Using my simple tool, I could observe interesting things. Some methods could be compiled for as long as 2 seconds, containing only three lines of code. What can cause?
For example, such a thing as output by the type compiler. If you do not specify the types explicitly, Swift is forced to detect them yourself. For this (I must say, non-trivial) operation, CPU time is required, therefore, from the point of view of the compiler, it is always better to specify the type. Only by explicitly typing types, I once was able to reduce the build time of an application from 5 to 2 (!) Minutes.

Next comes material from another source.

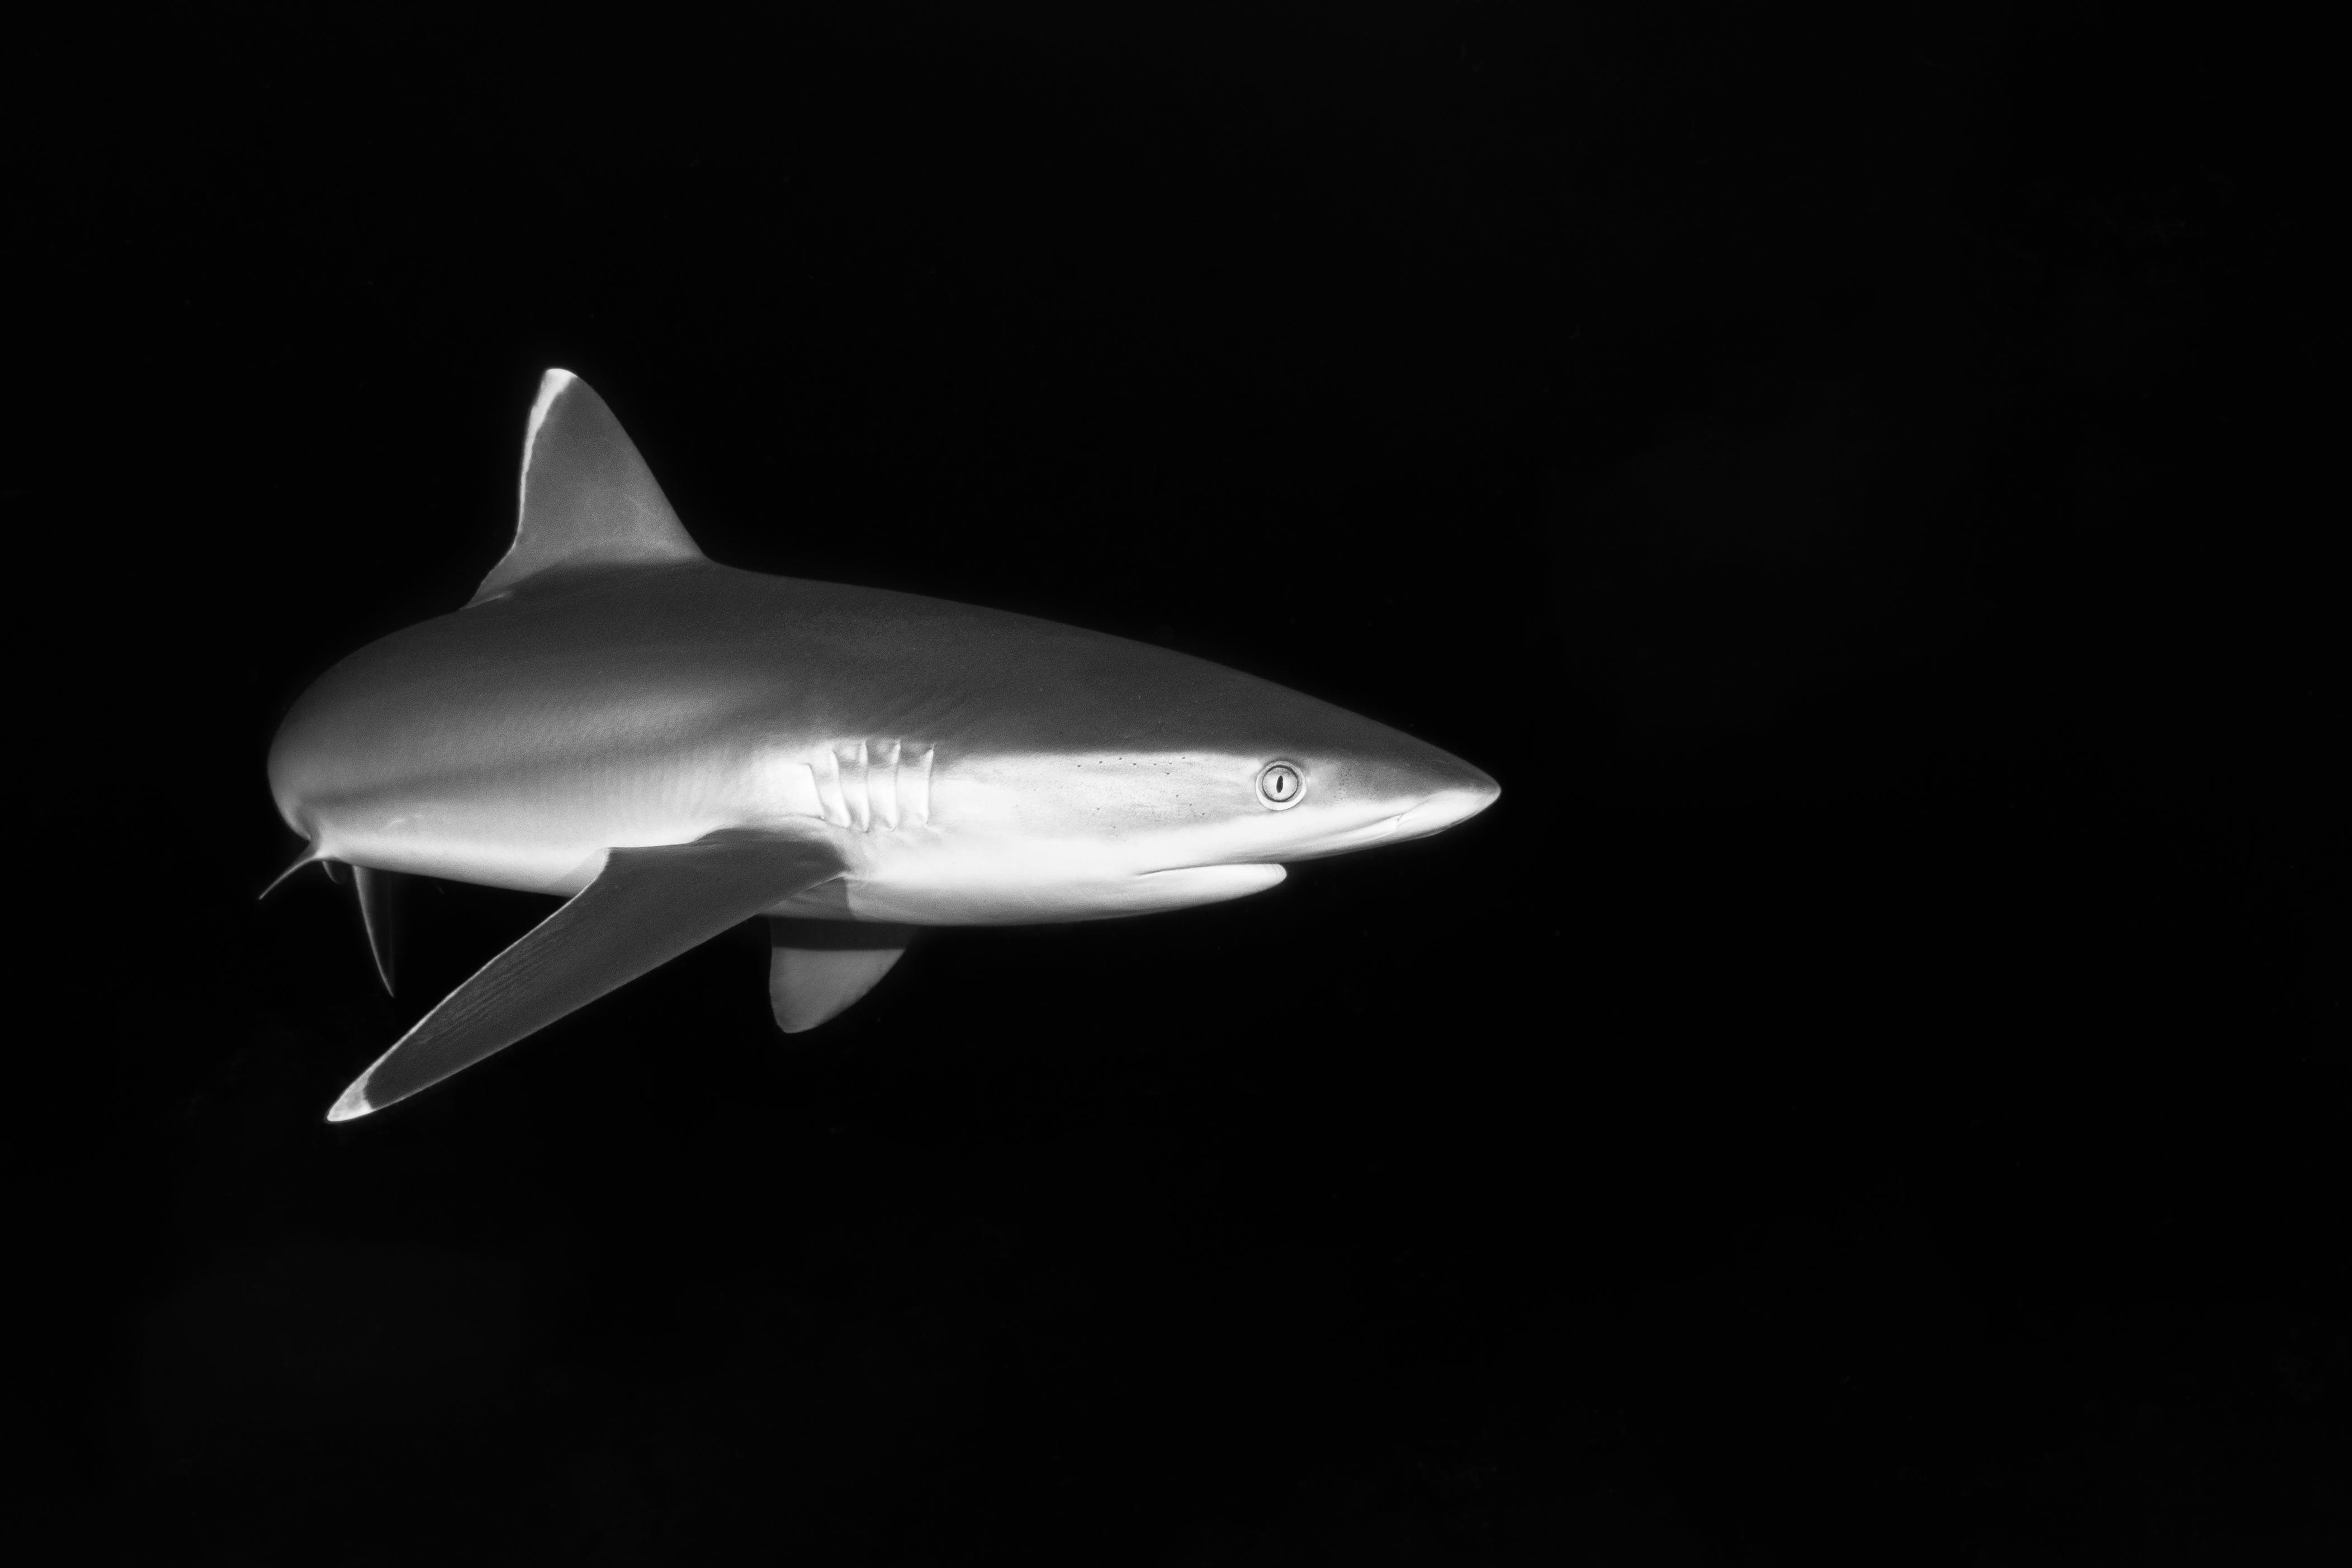 Gratis Fotos de stock gratuitas de animal, bajo el agua, blanco y negro Foto de stock

But there is one “but”: the code without types is still more readable. And we have already talked about priorities. Do not optimize ahead of time: at first, readability of the code will cost more.
Server option
So far, I have only mentioned my application with augmented reality. But based on a million stars, I also created a server application for Swift. You can see both his own and his GitHub code . This is an API service that allows you to get information about any stars from my huge database. I was able to optimize it using the same methods that I used for the ARkit application.The result in this case was literally material for me: having reduced the volume to the 500 MB mark, I was able to place it on the free Bluemix server. As a result, my service costs me absolutely free.
Summarizing
In conclusion, a small summary of the main thoughts that I wanted to address to you today:
Be careful about the choice of goals for the fight. Optimization will always cost you the effort. You can work hard to ensure that your variables are evaluated only once during runtime, but is it worth it, if in the code each of these variables is requested only a couple of times?